Both the capacitive and optical methods of focus control precisely guide the motion system, maintaining critical focus position and following the contour of the part regardless of surface irregularities. All linear axes of the system react to sensing of the part surface, creating unlimited correction along the axis of the beam. The combination of crash protection and part sensing gives the Ace Precision operator confidence to use aggressive processing speeds without fear of damaging the system or scrapping the part.
“The weld head itself is another system feature we needed,” Magedanz says. “We had limited lens protection with the CO2 system we were using. We’d complete two or three part runs and then we’d have to replace the lens. With our latest Laserdyne 430 systems, the air knife feature incorporated in the SmartShield feature blows air down and across the lens to keep it free from weld spatter and debris while cooling the lens. The air knife creates an invisible barrier so contaminants are kept from depositing on the lens.
“So now, with the SmartShield feature, welding precision is ensured and costly lens replacement is minimized with the additional advantage of reducing machine downtime,” he adds.
Flat laser cutting
Looking to improve all of its laser operations, Ace Precision also acquired a Prima Power Platino Fiber Evo laser system about the same time it acquired its two Laserdyne 430 fiber laser systems. The Platino gives Ace Precision increased performance for its flat sheet metal processing with reduced piercing times and increased cutting speeds, especially on thick material.
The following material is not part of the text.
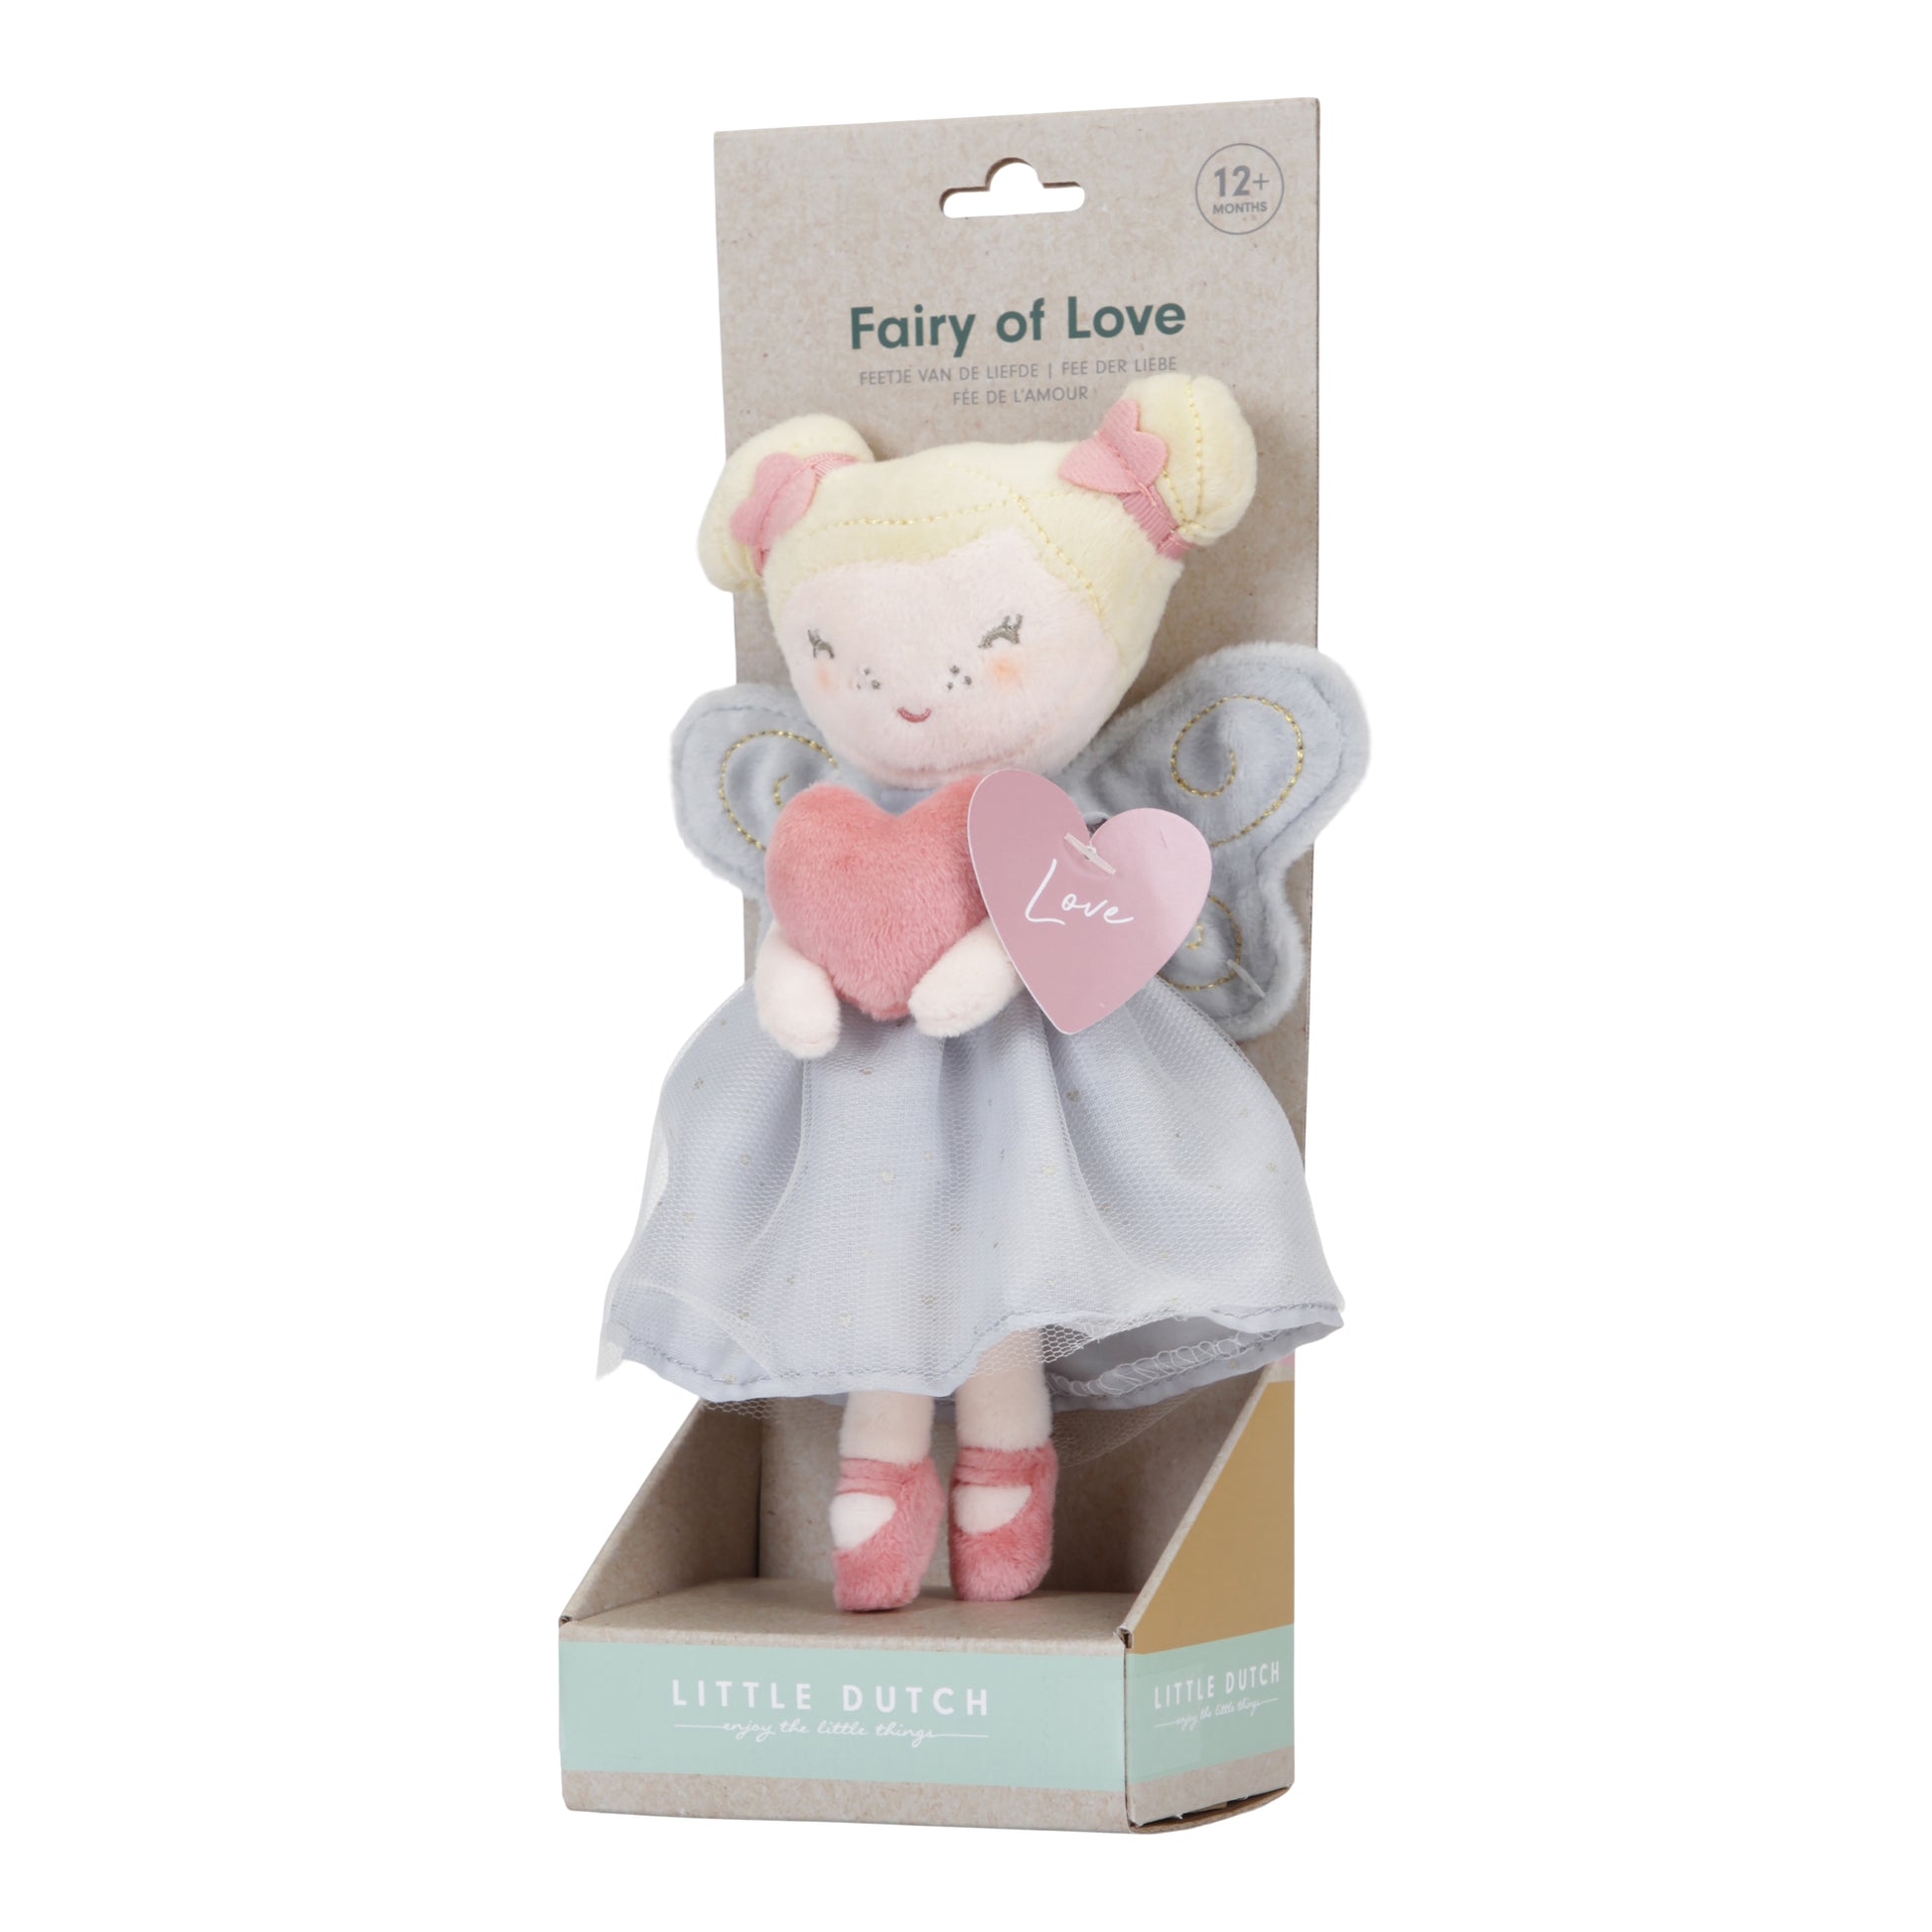 Little Dutch Fairy of Love doll in her box

“Acquiring those three machines really helped make our laser operations more efficient and productive when we really needed it,” Magedanz says. “Prima Power is a leader with fiber laser technology and gives us a major competitive advantage. Overall, we believe that acquiring new fiber laser systems from the same manufacturer is efficient and cost effective and ensures a high level of service continuity that’s important to us and our customers.”